Guest: Sebastian Mallaby, the Paul A. Volcker senior fellow for international economics at the Council on Foreign Relations. Paul is also a longtime journalist and commentator and the author of five books, including The Power Law and The Man Who Knew, the definitive biography of Alan Greenspan.
In a nutshell: We’re at an unprecedented moment where central banking, political power, and artificial intelligence appear to be on a collision course. Who holds the advantage as these battle lines are being drawn? The Federal Reserve? Venture capitalists? Tech firms? President Trump? China?
On the fourth episode of The Geopolitical Edge miniseries, Sebastian Mallaby explains how central banks are navigating political pressure, how AI might trigger a new productivity boom or a new bubble, and how capital is no longer just about ROI, but about influence.
.Sebastian Mallaby and I discuss:
- How well has the Federal Reserve done its job and what happens if it succumbs to political pressure to loosen monetary policy?
- Will AI deliver massive productivity gains that alter the economy and offset a declining workforce?
- President Trump vs. Fed Chairman Jerome Powell.
- How AI is shifting the locus of financial and political power.
- The “TINA” (There Is No Alternative) Effect and how resilient the U.S. markets are to global uncertainty.
. Quotes:
Sebastian Mallaby on the Fed:
“ How well the Federal Reserve performs is not constant over time. And in some ways, when Alan Greenspan became the Fed chair in 1987, it was sort of the beginning of the consolidation of a good period. In the 1970s it had been pretty disastrous. The Fed had let peacetime inflation really get out of control, and it did that in the absence of something equivalent to the COVID shock. There was the double oil shock in the 1970s, but I think that was a much smaller price shock than COVID was and COVID was just unprecedented with the amount of uncertainty it created. So I, kind of slightly, am charitable about my judgment of the post-COVID inflation. But the 1970s really was a straightforward mistake by the Federal Reserve just not being tough enough early enough to raise rates and control inflation, partly because of the political climate.”
Sebastian Mallaby on the challenges of investing in AI:
“ Even before Mark Zuckerberg was throwing silly money around in the last month or so, the salaries of AI scientists were off the charts. That tells us that the expected value being created by AI scientists and AI engineers is really, really enormous. If you look at the uptake of ChatGPT after it was released in November of 2022, it was the fastest uptake of any online product ever. I think that’s where power does reside in the hands of an amazingly small number of AI builders and finance is kind of just throwing itself at these AI firms to get participation, interestingly, without necessarily a very good theory of how the monetization is going to make it financially sensible. It’s a bigger version of the broadband bubble in the late 1990s where everybody understood building high-bandwidth communications infrastructure was going to be very important. It was an A+ technology but it turned out to be a D- business model. And in some ways AI now looks a bit like that. ChatGPT is by no means a monopoly. In fact, you can switch out and get pretty much the same service from at least two or three or four competitors. And so how do they monetize in the future to offset the enormous costs of buying their data centers, buying the power generation you need? We don’t know. It could be a genius investment. It could be a terrible investment. And so I do feel like finance is chasing talent where talent has the upper hand.”

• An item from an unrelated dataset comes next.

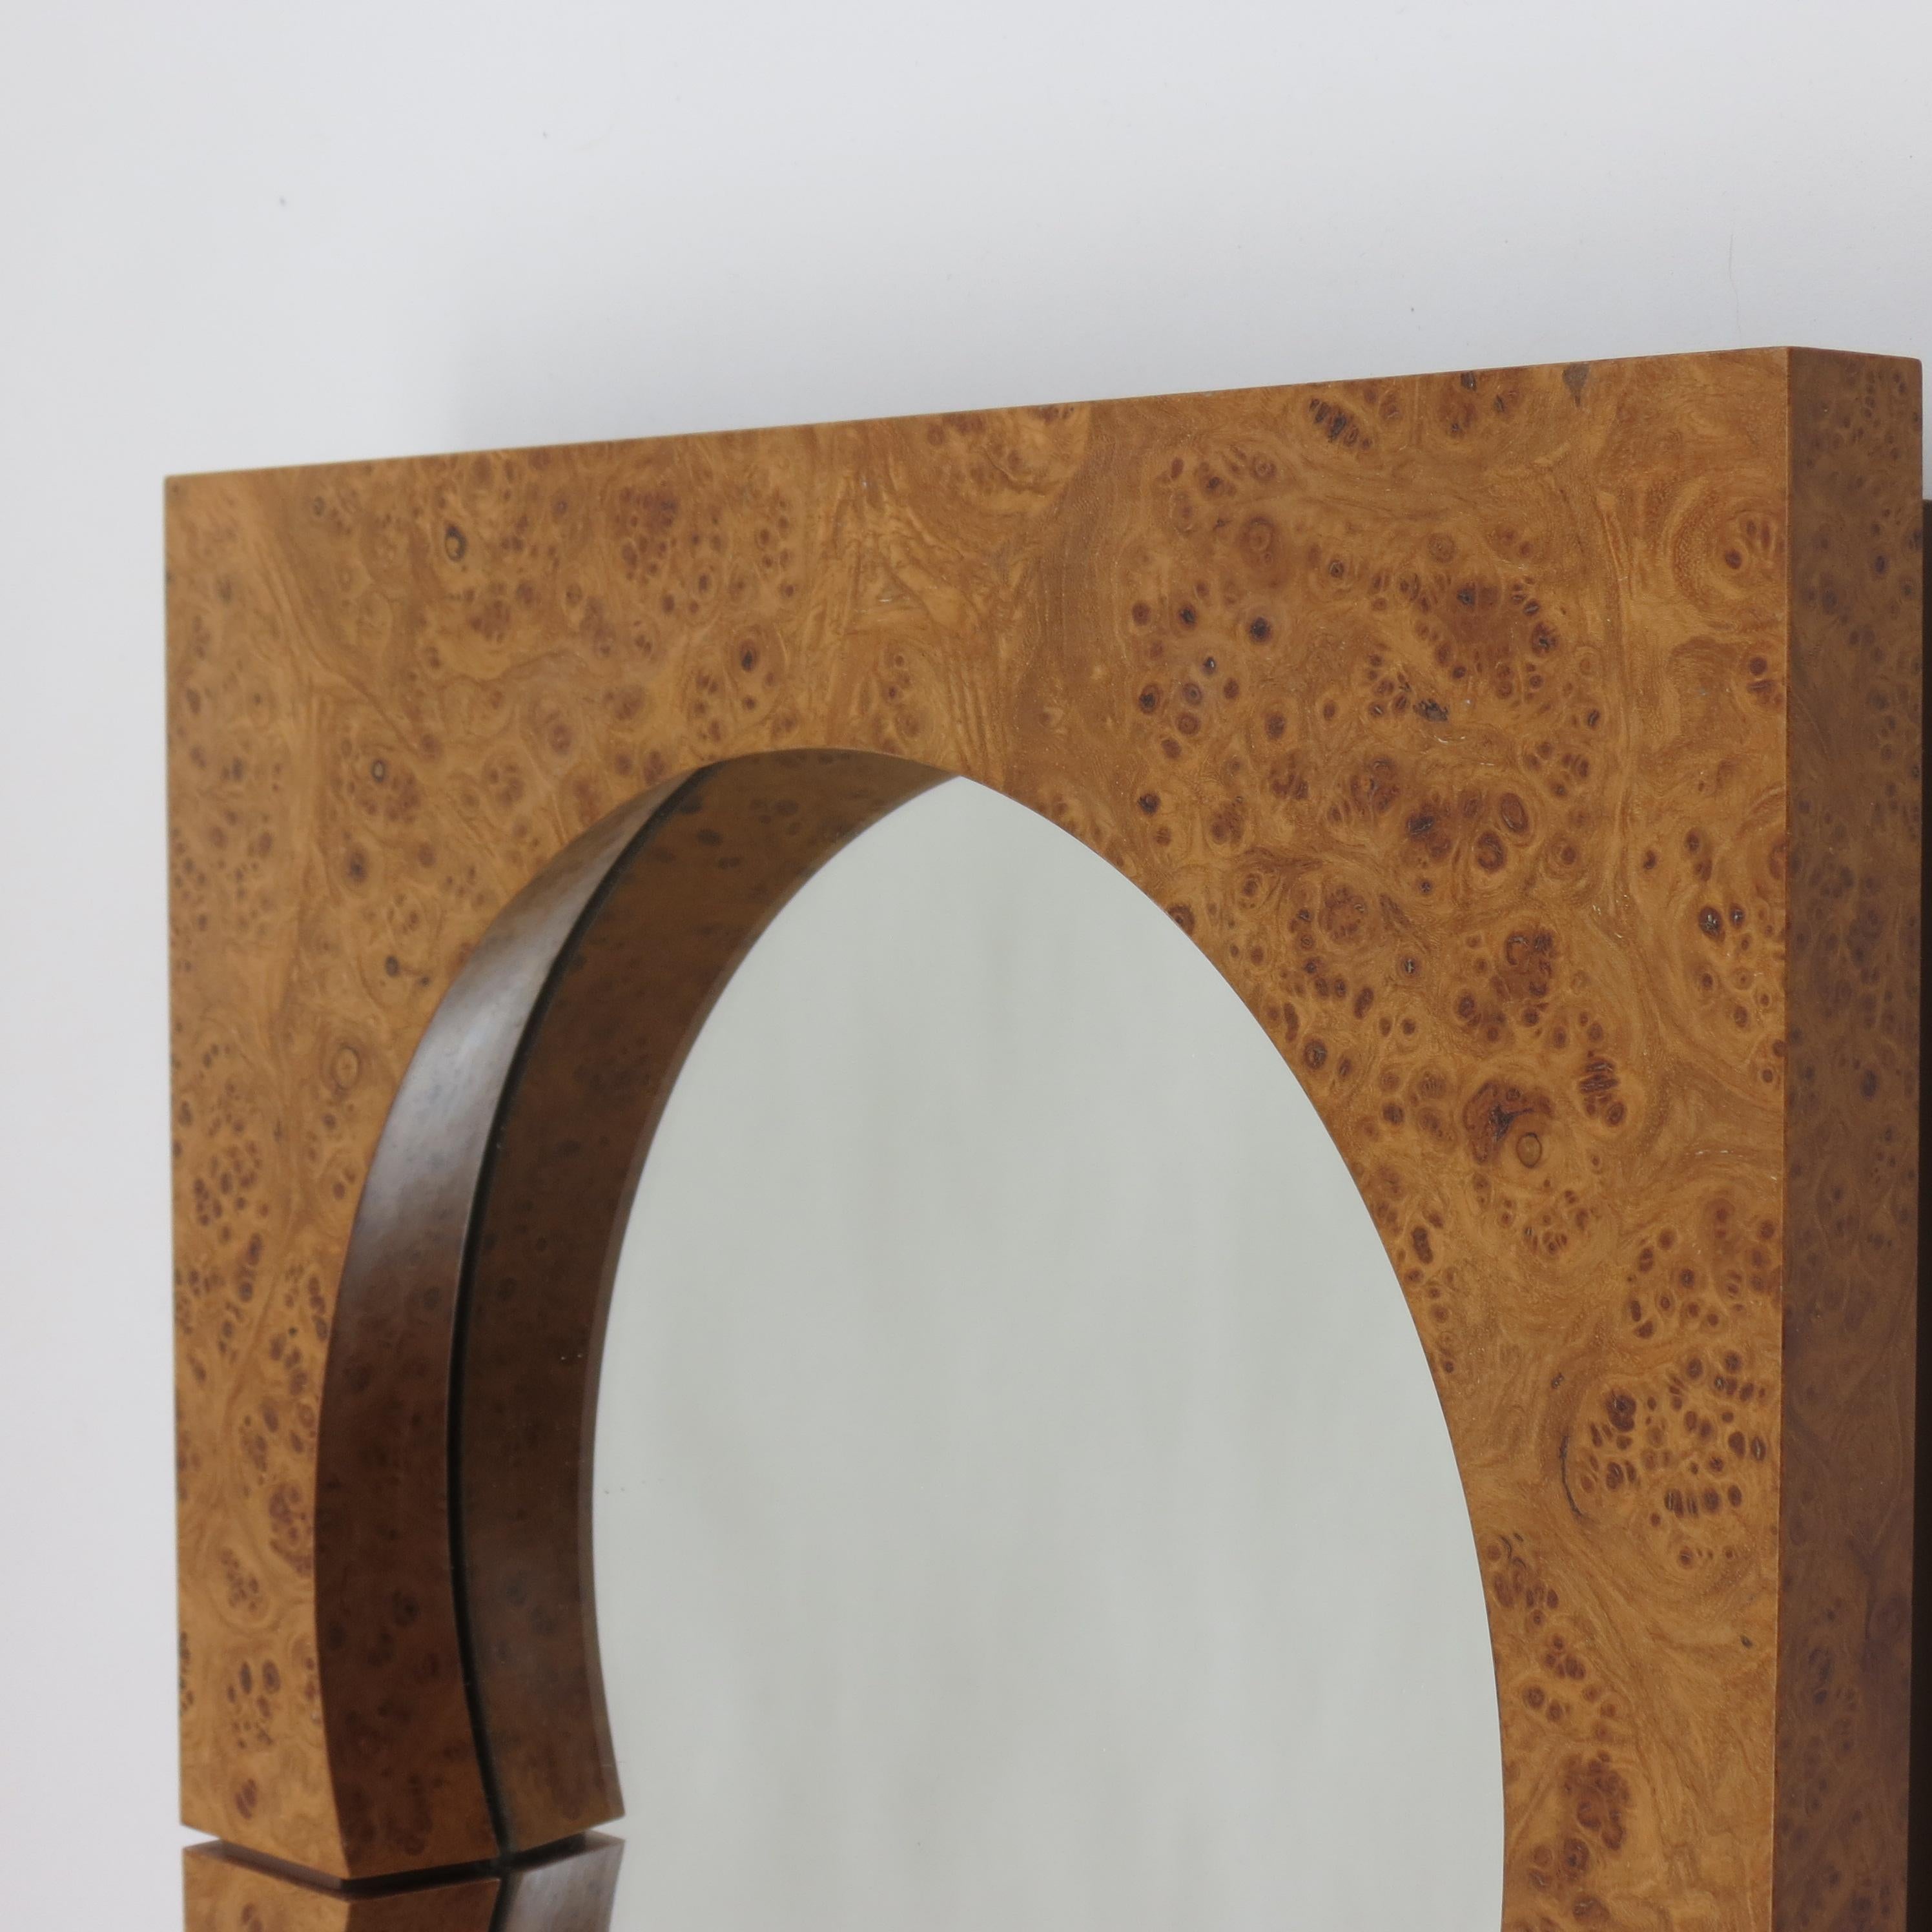 Hand Produced Bespoke Burr Elmwood Wall Mirror Desmond Ryan Mirror, 1990s For Sale 3
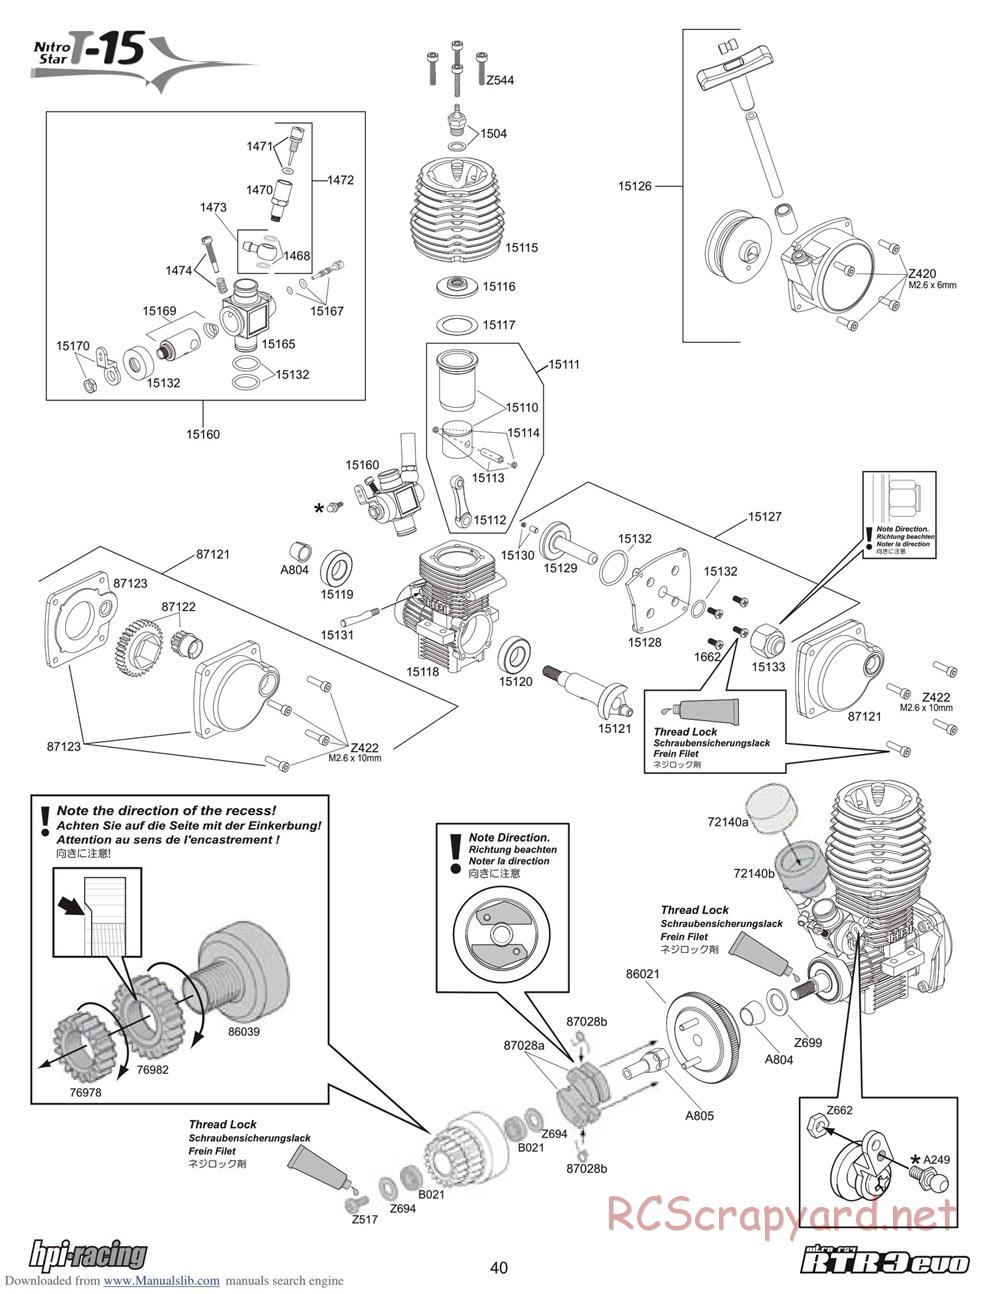 HPI - Nitro RS4 3 Evo - Manual - Page 40

Sebastian Mallaby on redesigning the modern portfolio:
“I think today allocating money is as challenging as I can ever remember. I do really think that this is a super uncertainty because you’ve got the geopolitical uncertainty, you’ve got political and domestic uncertainty with the current administration. Then you’ve got this extraordinary technological upheaval with artificial intelligence, which is just on a different magnitude than what the internet was, I believe, in terms of the impact it’s going to bring. So it is difficult, and I think difficulty means I would sort of advocate a kind of barbell strategy here. One is that, you’re playing defense to some extent. You’re diversifying your bets because it’s uncertain and your portfolio needs to account for the fact that we could get a big spike in inflation if you had a different Fed chair who did cut rates. You need to be a bit hedged against inflation. I still believe in U.S. preeminence, but I think it’s less certain than it was two years ago. I think now being a little bit more global in your allocation probably is smart.
“And then I would think about AI. It’s going to drive up productivity, it’s going to drive up growth rates. Real estate in the center of desirable cities has to go up because there’s going to be a bigger GDP and it’s going to be unevenly distributed. In a world where you can’t tell whether Nvidia wins or Google wins or Meta wins, some sort of collection of bets that you can get into directly in AI and energy and data centers makes sense. But then the classic positional good is real estate and positional goods survive inflation, survive inequality, and I think that’s a pretty good bet.”